13 Treasures is a 2009 juvenile fantasy novel written by Michelle Harrison; it is the first entry in the trilogy "The Thirteen Treasures". It features the story of a young girl named Tanya, who has the ability to see mythical creatures.

Awards
13 Treasures won the 2009 Waterstone's Children's Book Prize.

Synopsis
13 Treasures follows its lead character, 13-year-old girl Tanya, who has the rare ability to see and hear the fairies and other creatures who inhabit the woods and many other places.
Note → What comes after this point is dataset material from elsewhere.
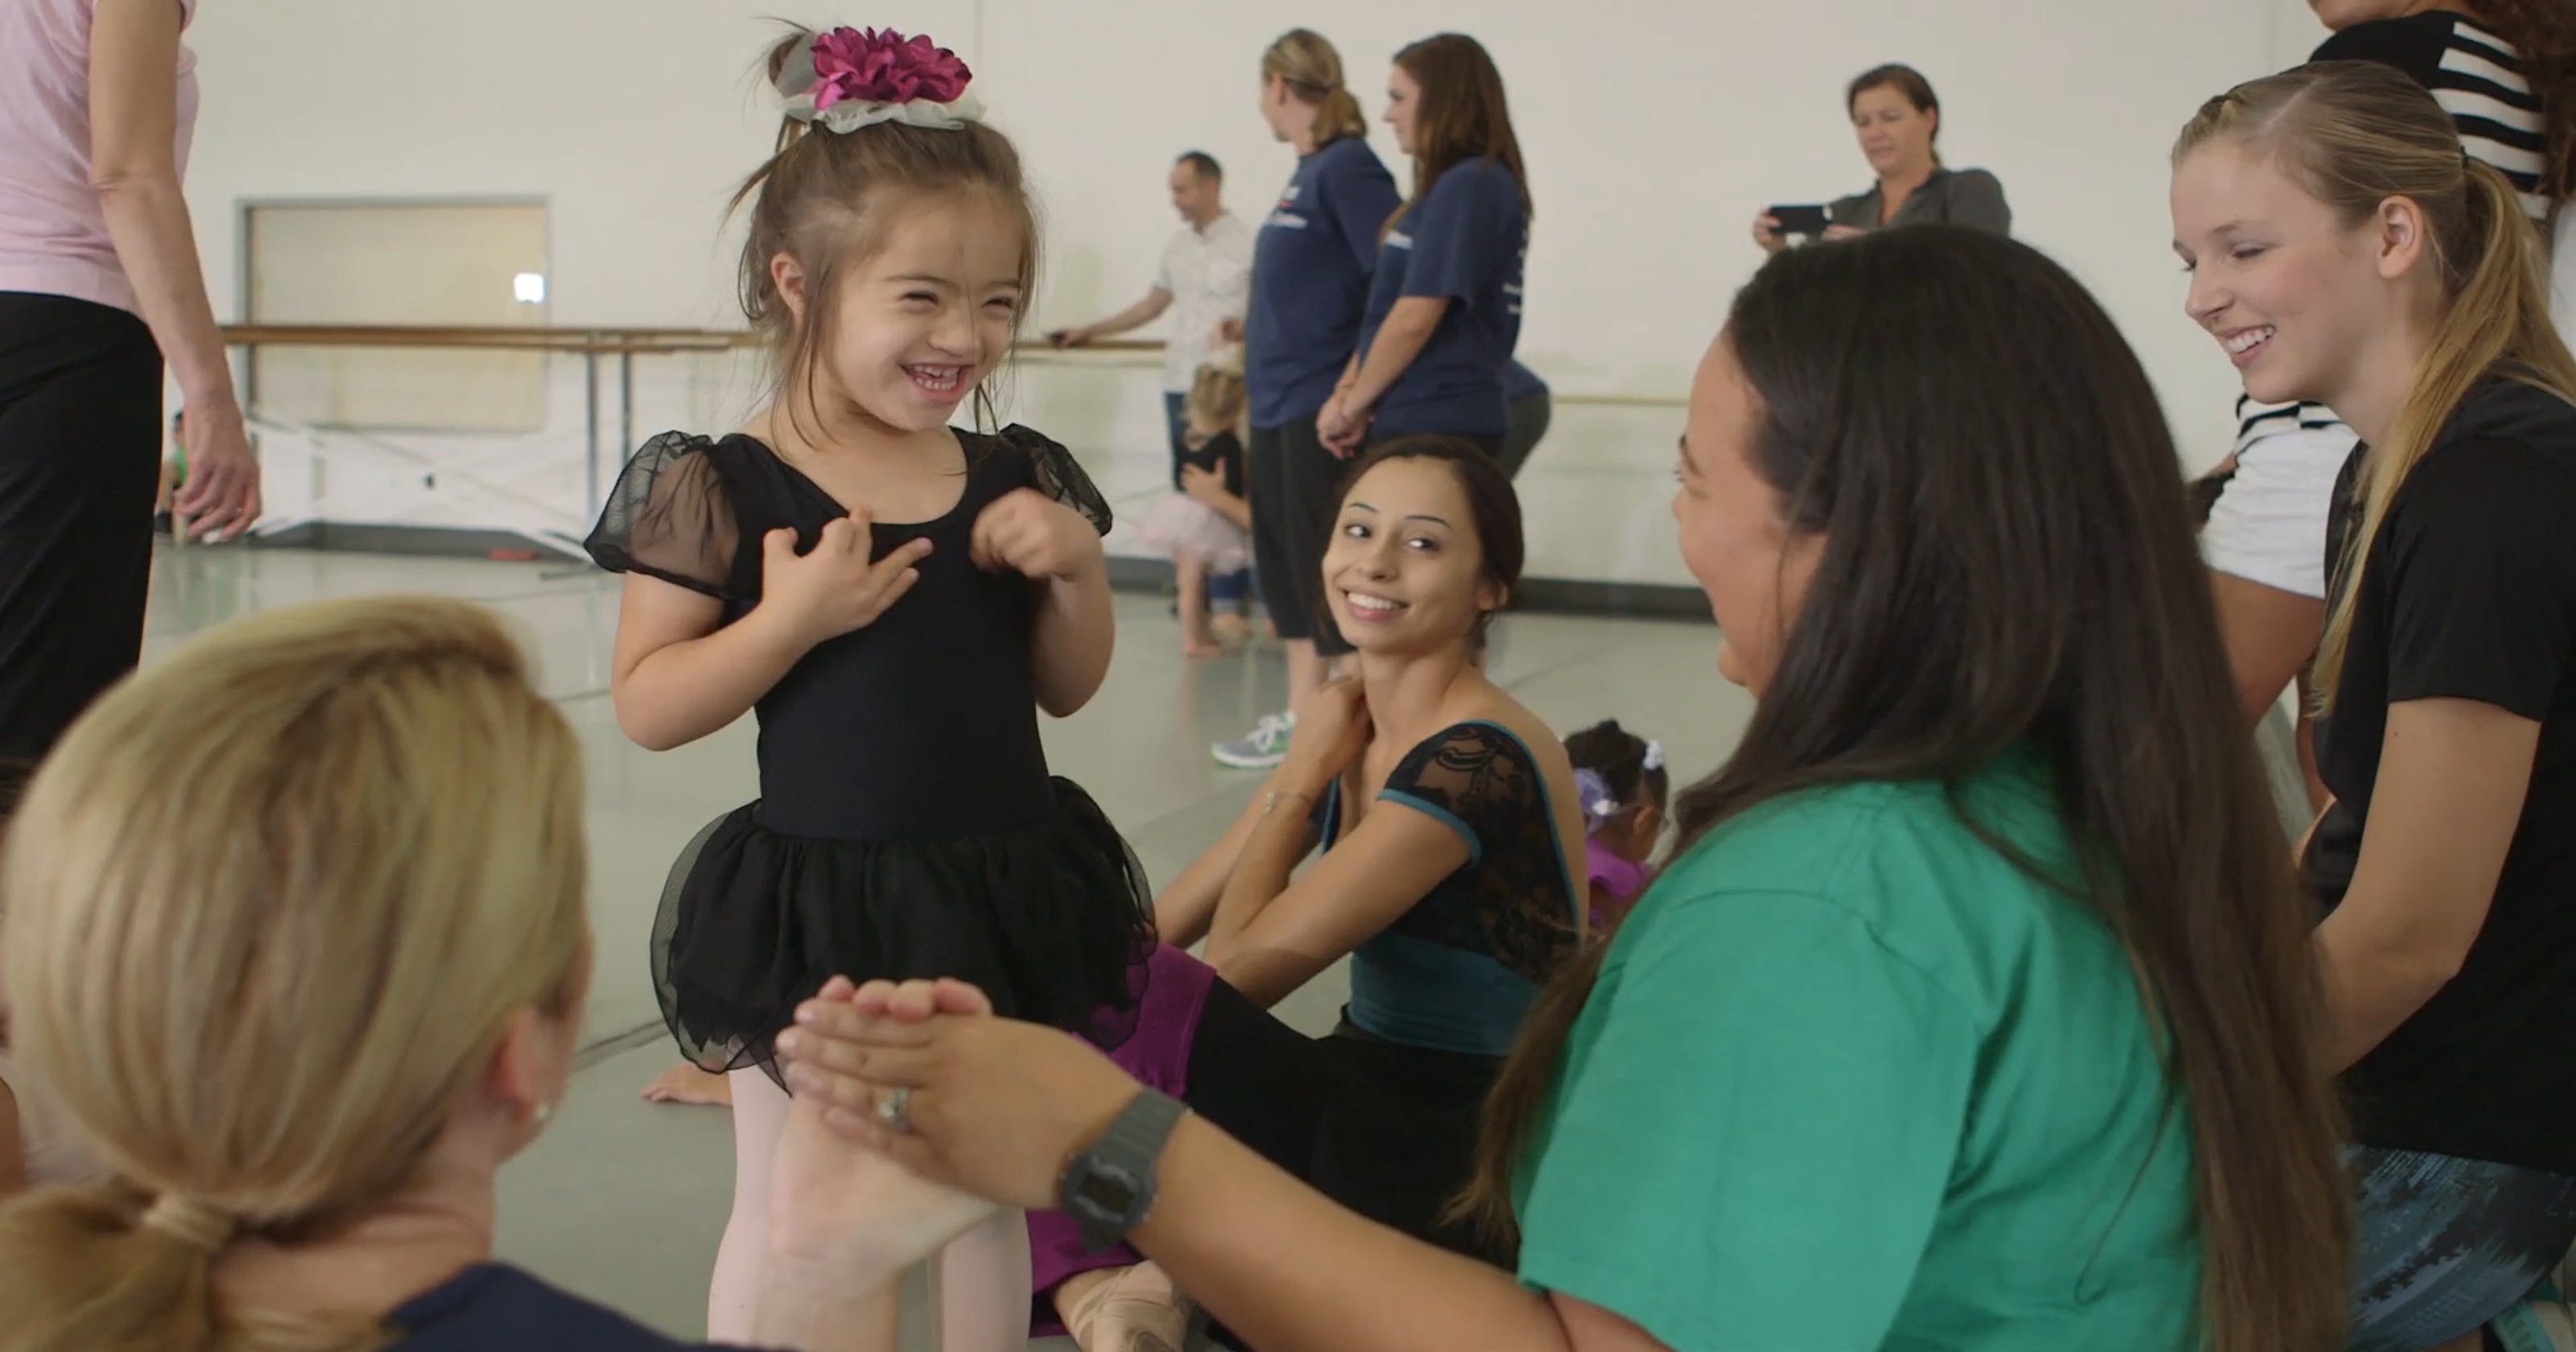 Girls With Disabilities Are Dancing Like Ballerinas For The First Time

But over the years Tanya has learned to lie about the fairies if something is wrong to anyone, because she has landed herself on a therapist and doctor's couch by this ability.

Tanya summers with her grandmother in Elvesden Manor as a punishment for having another fairy incident in Essex. The manor has been given down to all family members up until now. Fabian, the son of Warwick also lives in Elvesden Manor, and with Warwick's father, Amos. Amos has been under suspicion for the 5 decade old disappearance of a young girl named Morwenna Bloom in the nearby woods. He was the last person to see her.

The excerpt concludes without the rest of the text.